1 Introduction

1.1 NMR in metabolomics and compound identification

Metabolomics has become a key component of modern biological and biomedical studies, providing rich information on an organism’s biological status in health and disease. However, to exploit its full potential, the field must address the fundamental problem of metabolite identification (Edison et al., 2021; Garcia-Perez et al., 2020; Monge et al., 2019). Metabolomic assays capturing the widest range of metabolites (untargeted approaches) yield many unidentified features (spectral elements defined across samples), each of which reports on one or more small molecules.

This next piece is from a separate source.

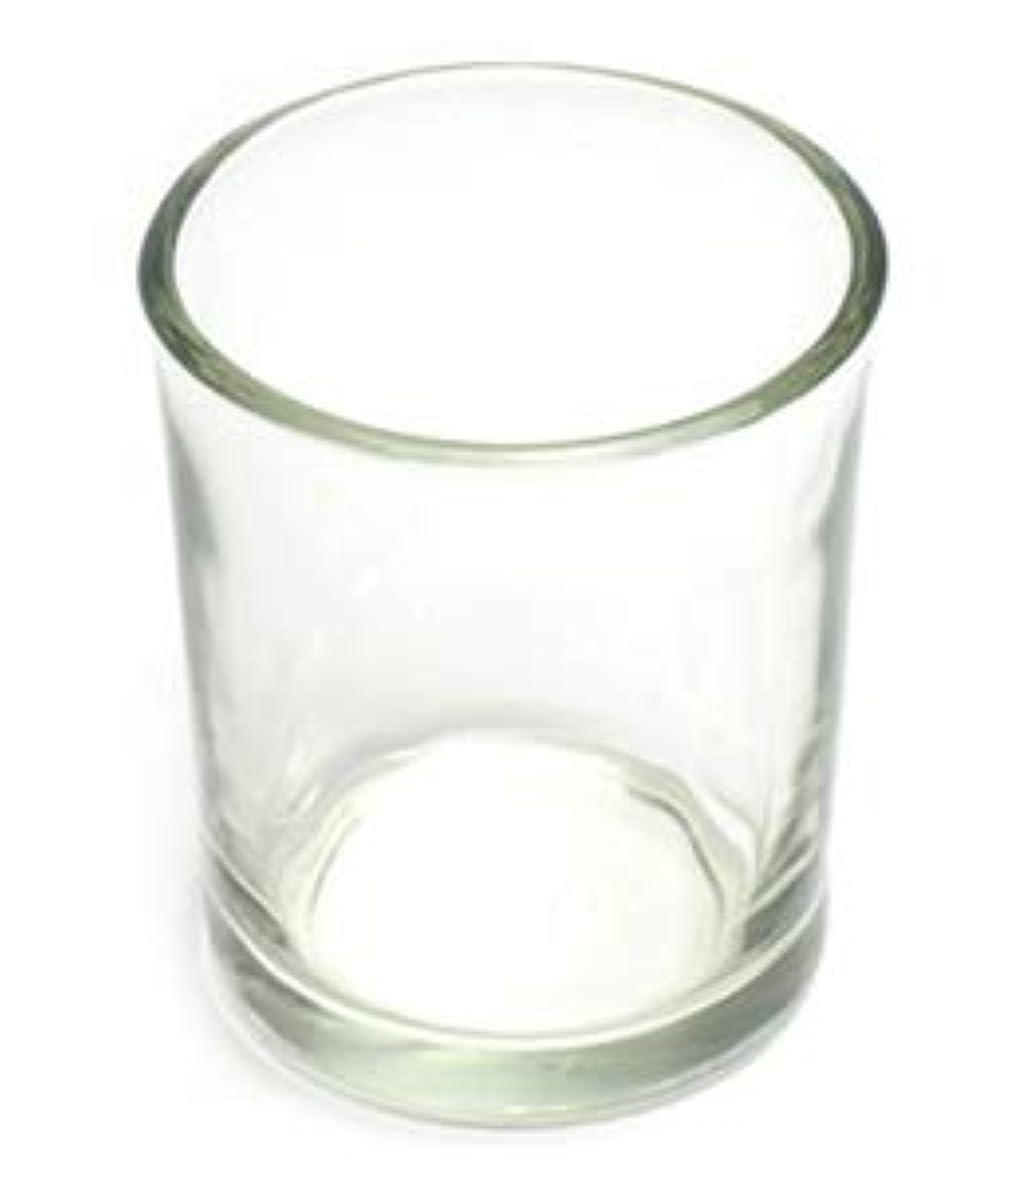 ドラッグ審判汚染されたキャンドルホルダー ガラス シンプル[小] 192個【キャンドルスタンド 透明 クリア おしゃれ ろうそく立て】

Without identification, it is extremely difficult to investigate and understand the biological mechanisms at work, either by expert interpretation or by bioinformatic approaches such as pathway analysis.

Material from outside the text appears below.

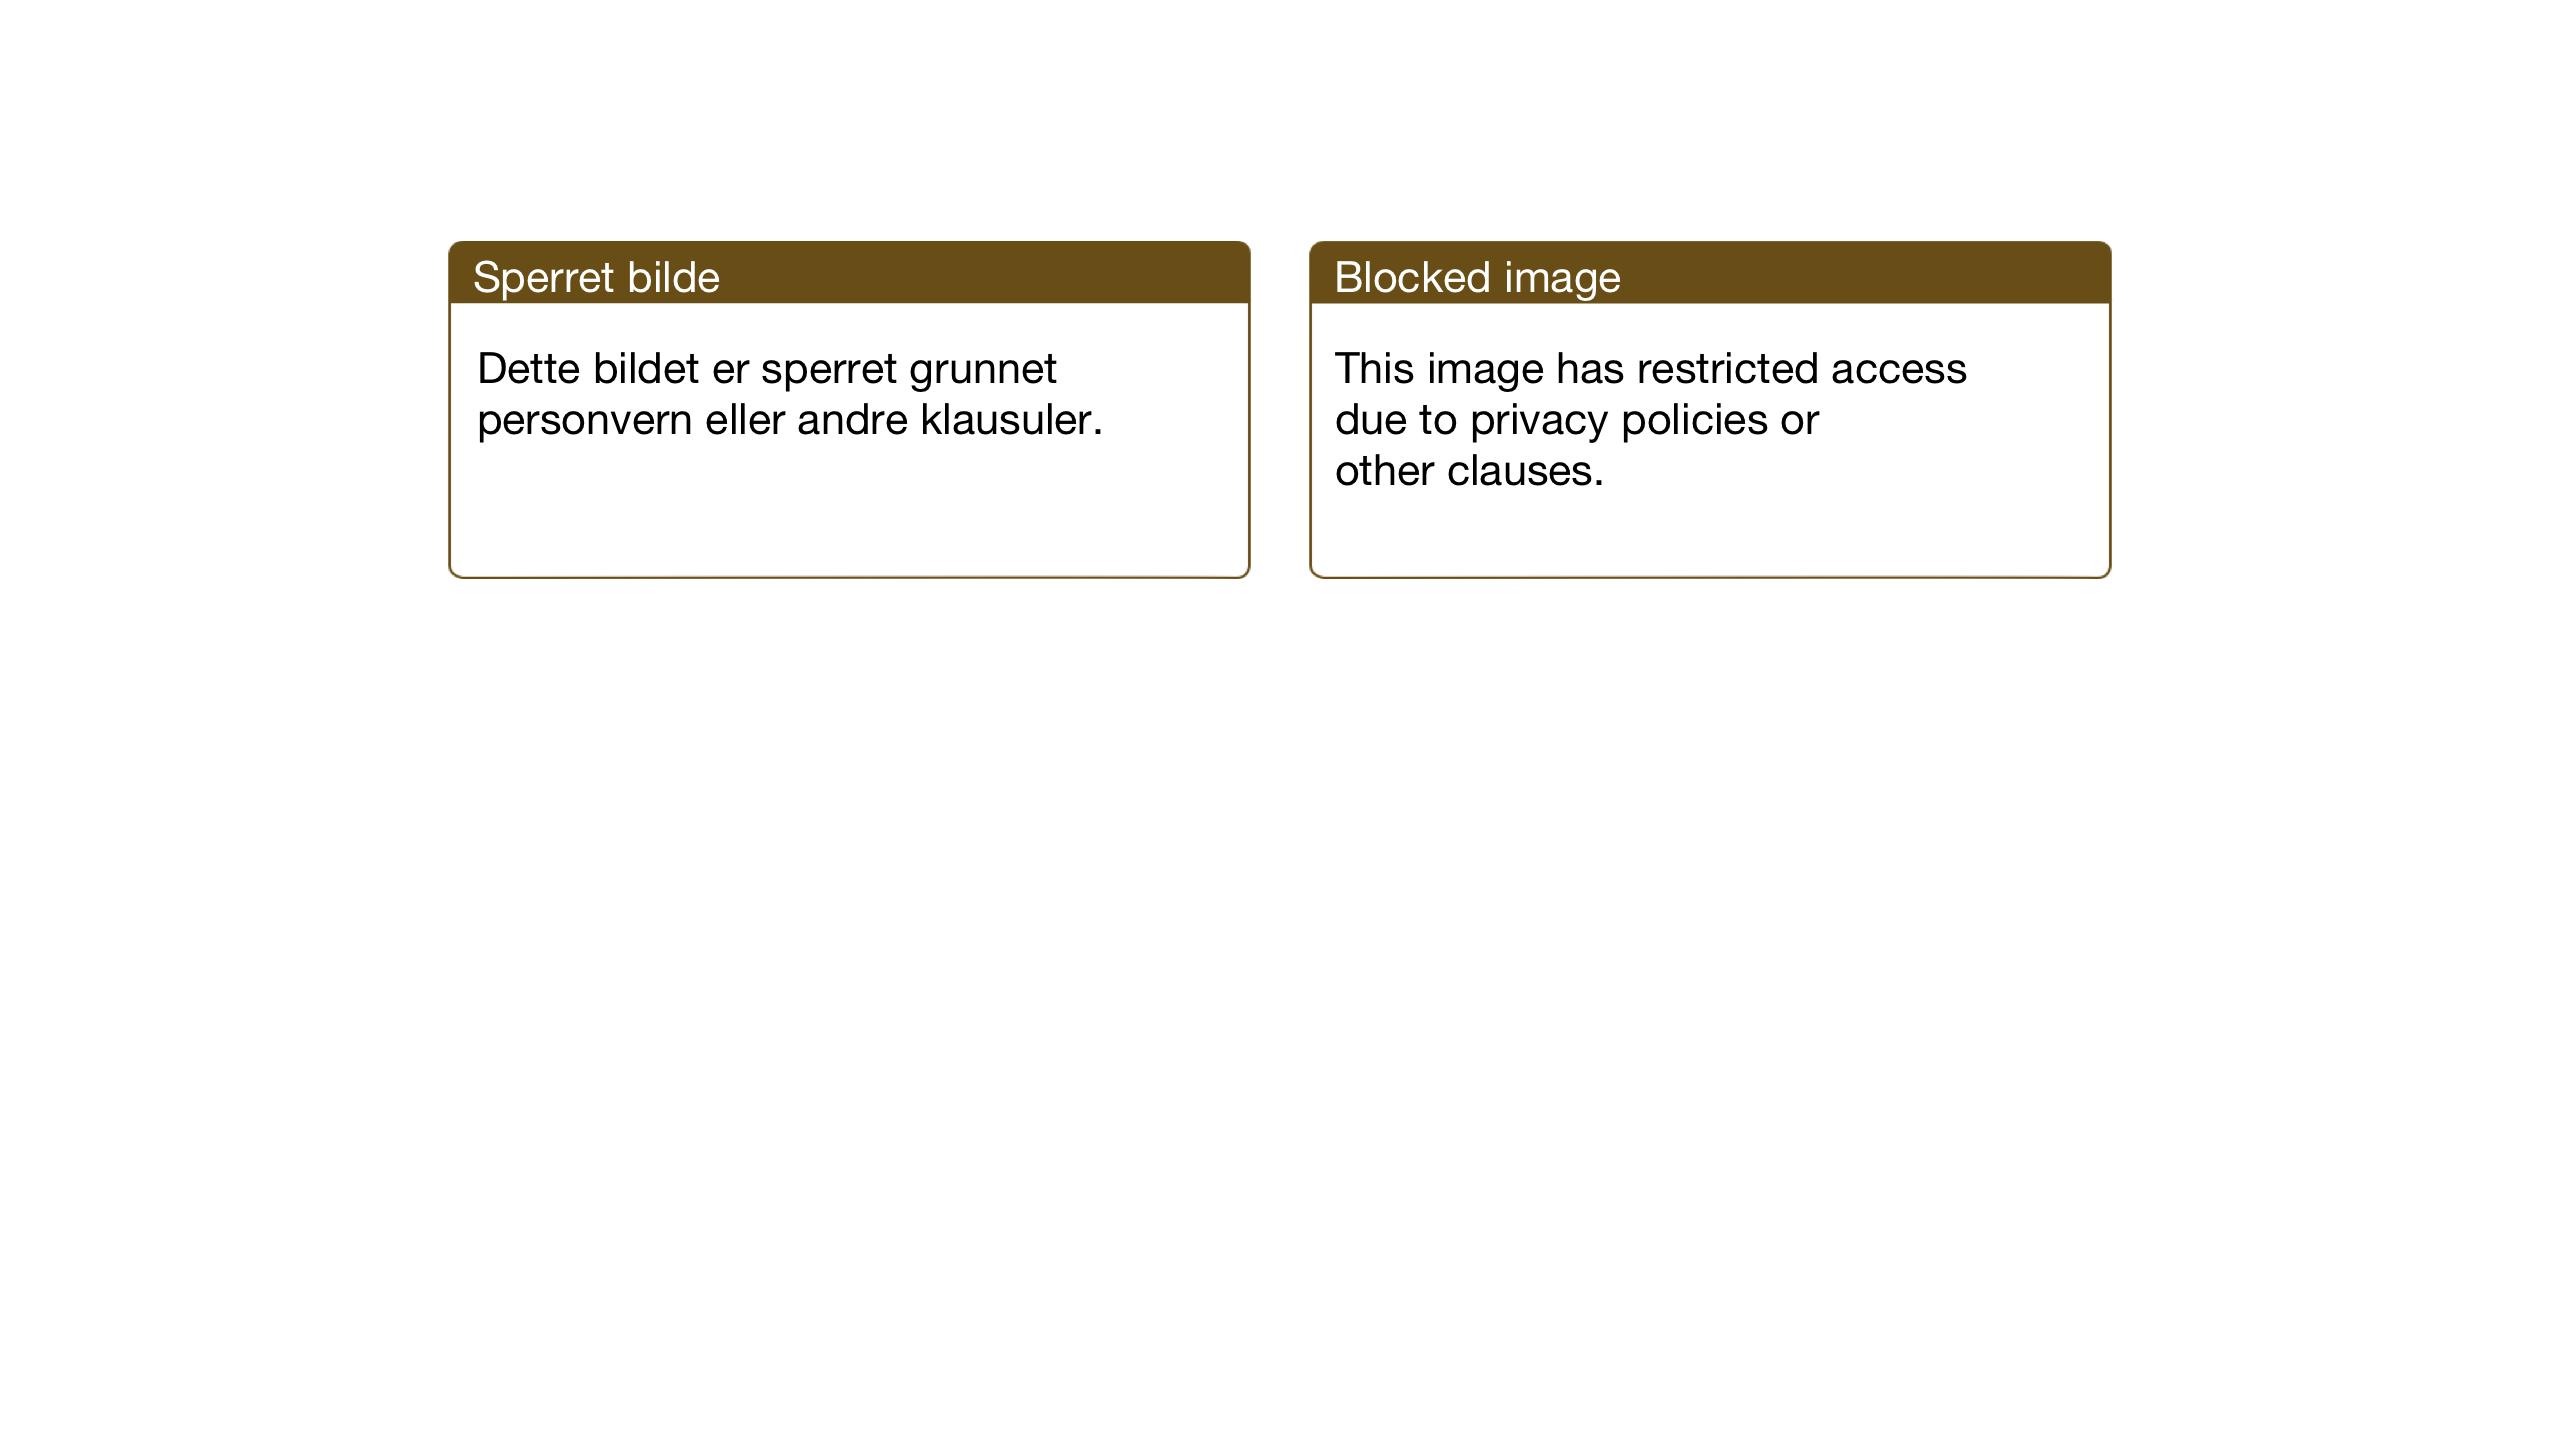 SAT, Ministerialprotokoller, klokkerbøker og fødselsregistre - Sør-Trøndelag, 657/L0718: Klokkerbok nr. 657C05, 1923-1948, s. 39

NMR is widely accepted as one of the most powerful structural assignment tools available to the analytical chemist, yielding structural information on a wide range of levels for a huge range of molecules. Here, we focus on small molecules, but lipid and protein signals are also commonly detected. Despite these strengths, NMR is faced with several challenges, illustrated in Fig. 1, including overlap (two peaks occupying the same spectral region), peak shifting (due to pH or metal ions; Tredwell et al., 2016), relatively low sensitivity compared to mass spectrometry, spectral crowding, and complex peak shapes (discussed in more detail below). Further complications can arise from differences in resolution, field strength, and line shape across samples or studies. Full utilization of 1H 1D data requires expert consideration of these variables.

Fig. 1
figure 1

Overlap, peak shifting, and spectral crowding are major issues for NMR annotation. A full 1H-NMR spectrum of human urine (Salek et al., 2007; lower panel) shows the great diversity in signal intensity and shape, as well as crowded regions of the spectrum (e.g. ~ 3–4 ppm, 7–8 ppm) typical in biofluid data. Expansion (top panel) of the red box shows shifting of two doublet peaks (yellow and purple), causing them to overlap by different amounts in different samples. As a result, the observed peak shapes differ across samples, greatly complicating annotation and quantification. A collection of signals at 1.50 ppm exhibits even more complex peak shapes and overlap. Data are from study MTBLS1 at the MetaboLights repository (www.ebi.ac.uk/metabolights/MTBLS1; Haug et al., 2020)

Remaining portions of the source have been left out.